Wednesday, July 13, 2011

Public Affairs Skills Gap: Shortage of Language Qualified Press Officers

Wikipedia (ويکيپېډيا) in Pashto using FreeFars...Image via WikipediaHere is one more nugget from the OIG review of the Af/Pak "bureau":

The January 27, 2011, arrest in Lahore, Pakistan, of an American official assigned to Embassy Islamabad drew attention to a public affairs skills gap. Not once during nearly 2 months that coincided with this inspection did a Pakistan-based American public affairs official engage the Urdu-speaking media in that local language about this issue. At the 2011 Global Chiefs of Mission Conference, the final report noted that effective engagement requires talented officers and “officers who can engage contacts in local languages with fluency.”3 Likewise, the Quadrennial Diplomacy and Development Review stated the intent to, “Make public diplomacy a core diplomatic mission by building regional media hubs staffed by skilled communicators to ensure that we can participate in public debates anywhere and anytime.”4 This is not the case –or at least not regularly – in either Pakistan or Afghanistan. The result is that other voices, including those of extremists, go unchallenged by U.S. officials speaking local languages. Public opinion in Pakistan of Americans and U.S. policy has consistently been at relatively low levels, but that situation was gradually improving [REDACTED[ until the disruption of the Lahore incident. The Lahore incident is an aberration, but it illustrates how quickly – after months of implementing a well-designed strategic communication and public diplomacy strategy –an event can halt, and even temporarily reverse, progress.
[...]
[REDACTED]
[...]
Other direct-hire American staff at the U.S. missions in Afghanistan and Pakistan have a degree of competency in the main local languages (Urdu, Pashto, and Dari), but they may not have the high level of language competency needed to speak extemporaneously in a live television interview or as part of a round table. They may not be Department employees or part of the public affairs section or have press attaché skills. According to FSI, fewer than 120 active career and career-conditional employees can read and speak these hard languages at a competency level of 3 or greater. (See table below.) A native-speaker proficiency in a foreign language is measured at or near the 5 competency level. At the time of this inspection, there were 24 Department officers in Afghanistan and Pakistan serving at that highest level of proficiency in any of the three languages.
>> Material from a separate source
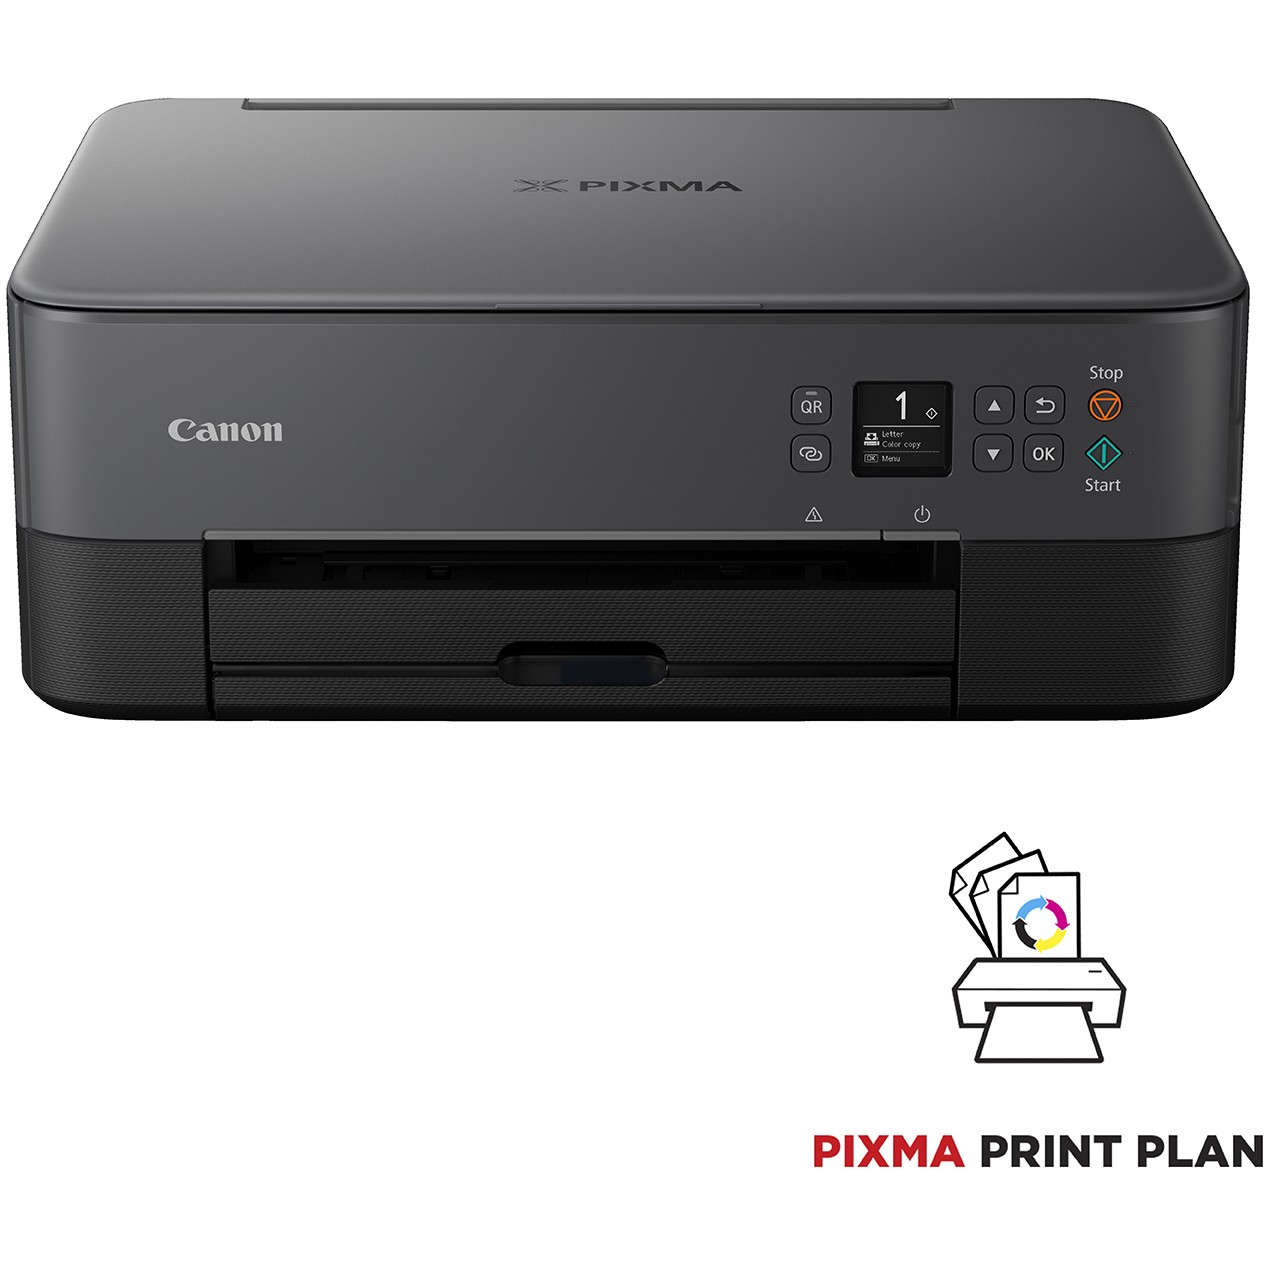 T Canon PIXMA TS3550i Tinte-Multifunktionssystem 3in1 A4 WLAN
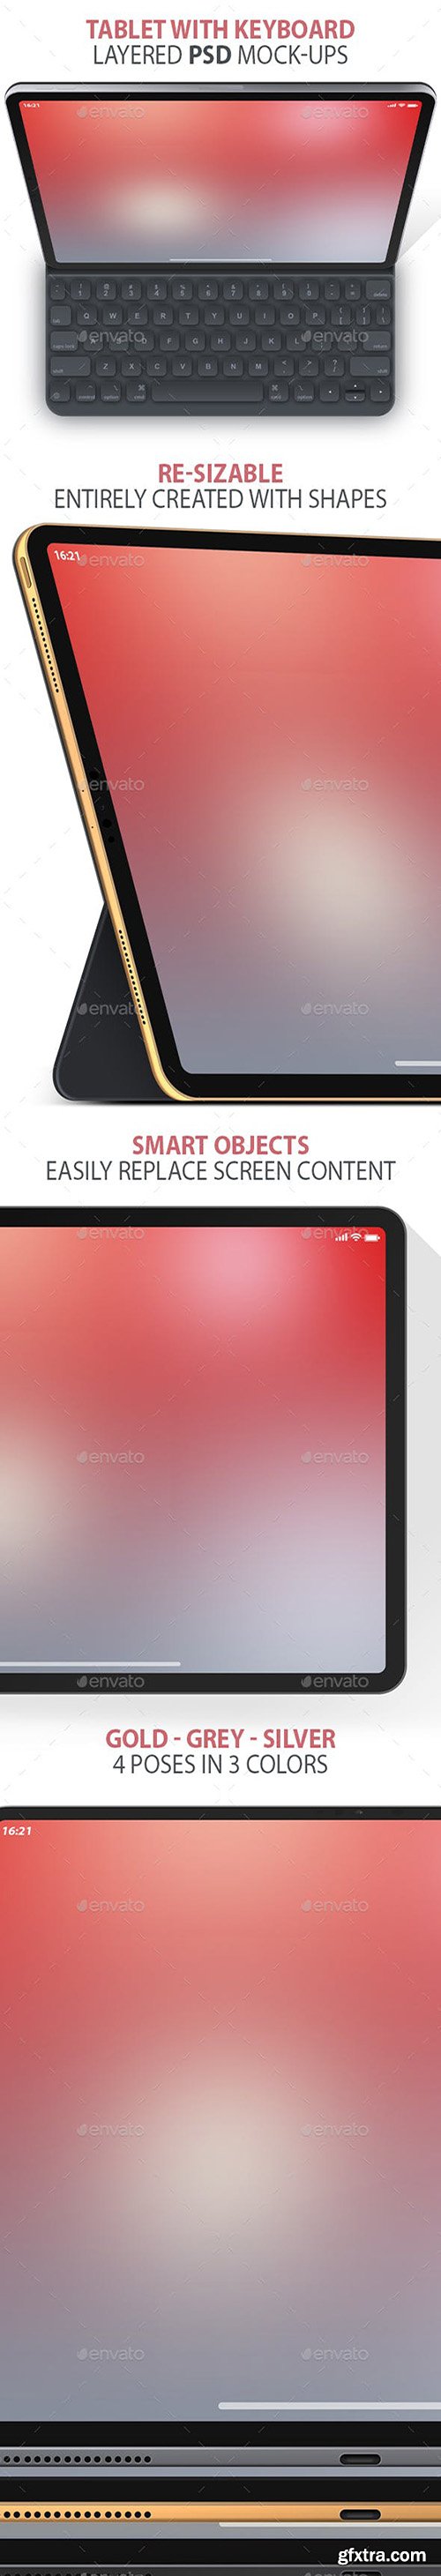 Clean Tablet Layered PSD Mock-ups 23086943

Dari speakers at the 4 level or higher numbered six, two Pashto speakers; and 14 Urdu speakers. Four Dari speakers, one Pashto speaker, and five Urdu speakers spoke those languages at the highest level.

Recommendation 12: The Office of the Special Representative for Afghanistan and Pakistan should develop and implement a plan to recruit detailees or excepted Civil Service employees and place them in Embassy Kabul and Embassy Islamabad press offices to serve as full-time, dedicated public spokespersons; these individuals must be U.S. citizens who are proficient in the local language(s) and have press officer training or experience. (Action: S/SRAP)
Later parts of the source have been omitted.